**Task to complete:** In the listing below, a line holding "Extravagant Pearl Necklace" and a line holding "FoxTrot by Bill" mark the range. Retype both exactly, with all lines between them.

**Task input:**
========================================
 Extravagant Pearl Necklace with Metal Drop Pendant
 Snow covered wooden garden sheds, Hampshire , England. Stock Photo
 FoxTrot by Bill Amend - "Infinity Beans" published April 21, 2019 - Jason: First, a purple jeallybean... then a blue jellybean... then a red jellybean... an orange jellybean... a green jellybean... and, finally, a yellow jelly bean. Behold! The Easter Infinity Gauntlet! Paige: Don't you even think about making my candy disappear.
========================================
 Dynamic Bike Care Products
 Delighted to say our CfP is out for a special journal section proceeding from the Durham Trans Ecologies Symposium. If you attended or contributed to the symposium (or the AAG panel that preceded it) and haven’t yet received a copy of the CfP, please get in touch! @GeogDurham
========================================
**Solution for this exercise:**
 Extravagant Pearl Necklace with Metal Drop Pendant
 Snow covered wooden garden sheds, Hampshire , England. Stock Photo
 FoxTrot by Bill Amend - "Infinity Beans" published April 21, 2019 - Jason: First, a purple jeallybean... then a blue jellybean... then a red jellybean... an orange jellybean... a green jellybean... and, finally, a yellow jelly bean. Behold! The Easter Infinity Gauntlet! Paige: Don't you even think about making my candy disappear.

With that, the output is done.